The differences are small but there is no reason to have imperfect numbers for the 22 shrutis, when perfect numbers can be easily selected.
In short, the above Danielou’s 53-note system is close to 22 shrutis, but not perfect.
You are wrong about your statement regarding Danielou
The 22 shruti scheme published by Danielou in Music and the Power of Sound (1996) is identical to your scheme apart from the assignment of the fractional value for just one shruti 12, which Danielou assigns as the just tritone (64/45) and you the Pythagorean augmented fourth (729/512). These two notes differ by just 1.954 cents. Look at Fig 11 (p 80) and Fig 17 (p 142-145).
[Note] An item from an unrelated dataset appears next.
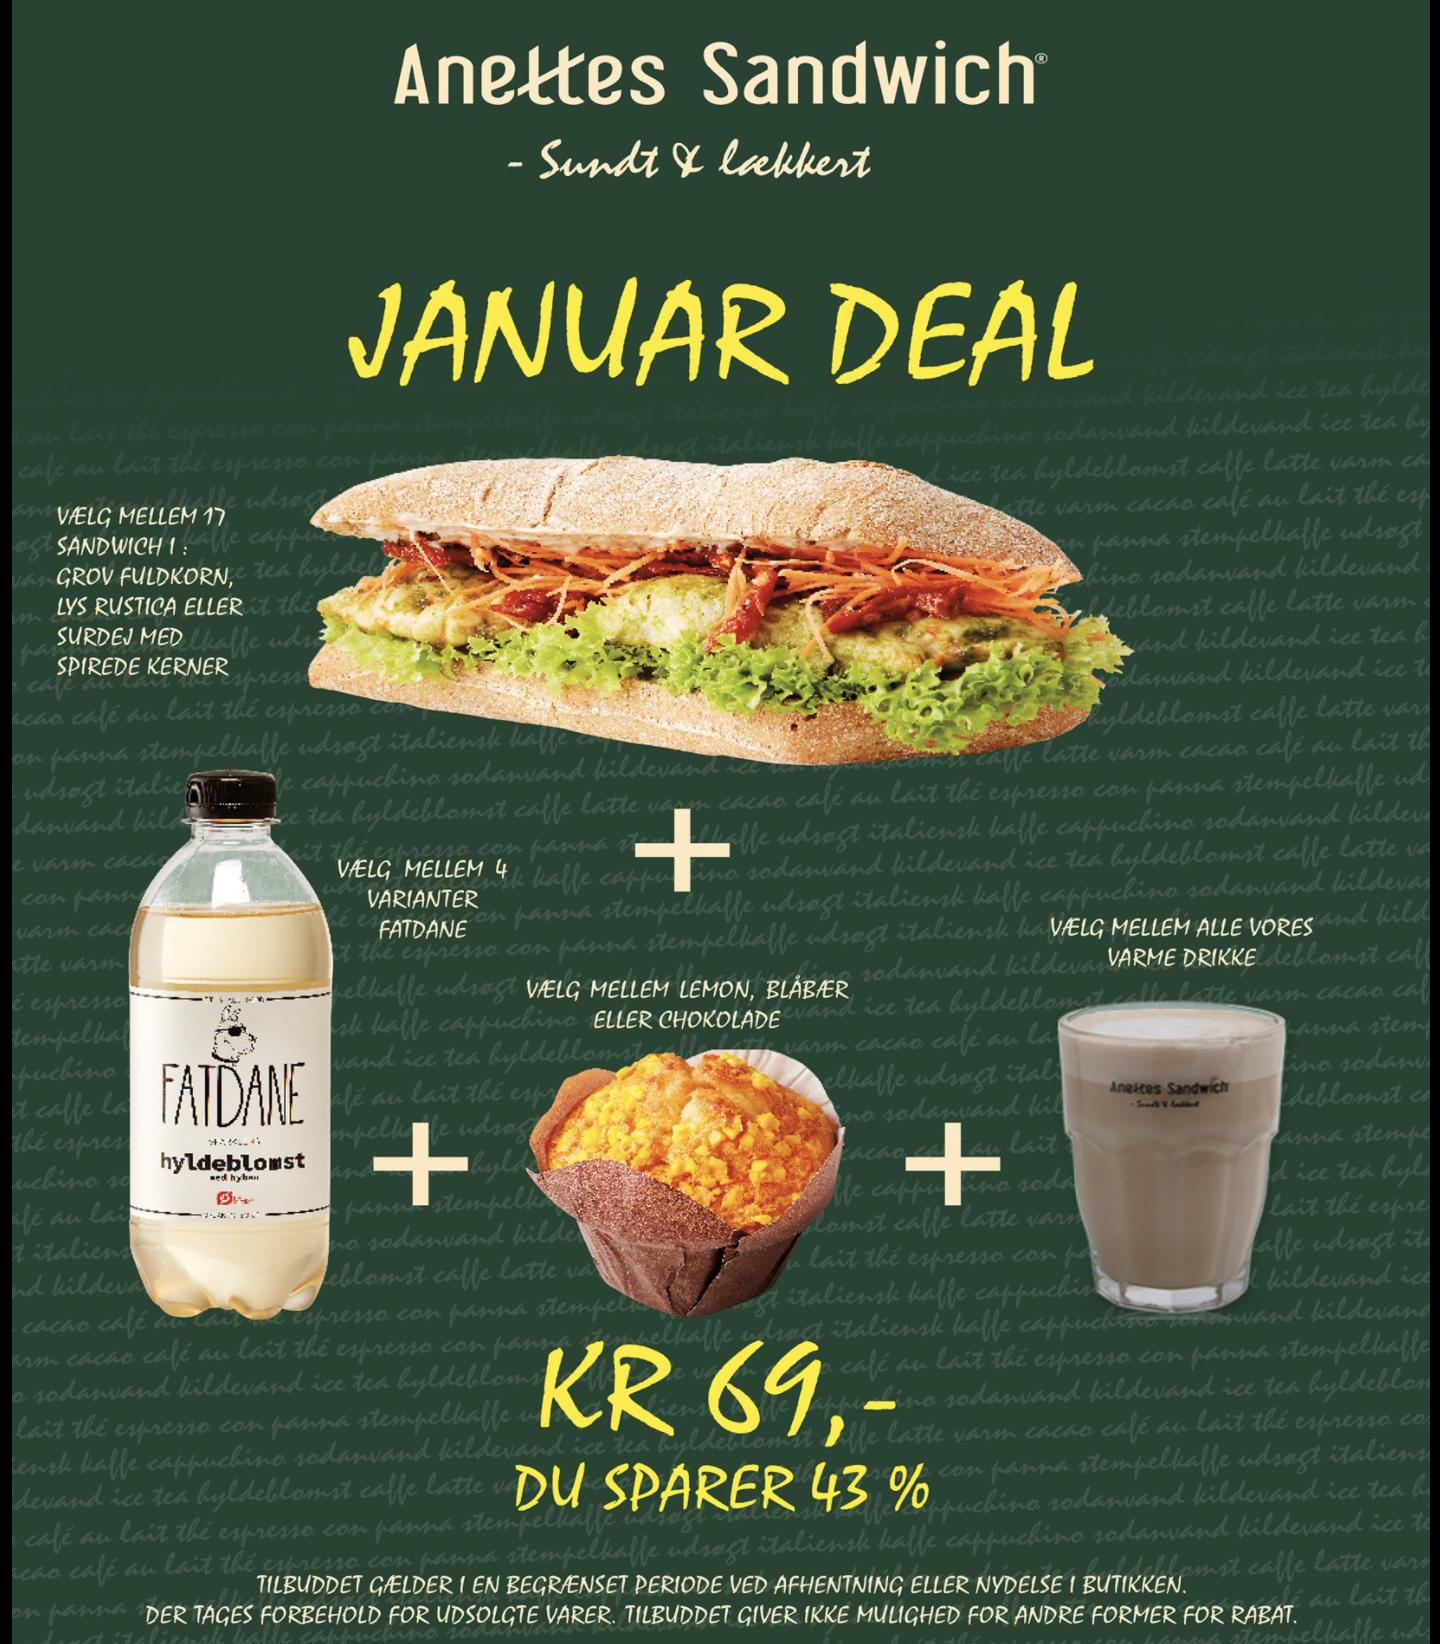 43% rabat: Aarhusiansk sandwichkæde sænker priserne på takeaway

For shruti 1 he gives it (in that publication) as 256/243 – the Pythagorean limma just as you do , but with an alternative of 135/128. The same goes for shruti 21 243/128 with alternative 256/135. So these shrutis are not missing in that scheme published by Danielou. Also. these notes differ by just 1.953 cents, which are effectively indistinguishable by any normal mortal being.
I find it impossible to believe that Indian musicians can reproducibly produce these exact relative frequencies when singing or playing an instrument. In fact they can't and they don't as shown by Wim van der Meer. Every swara sung has a significant range of pitch, which depends on the artist, the raga, and the specific performance. So your efforts and everyone else's on this matter are merely academic and mathematical exercises.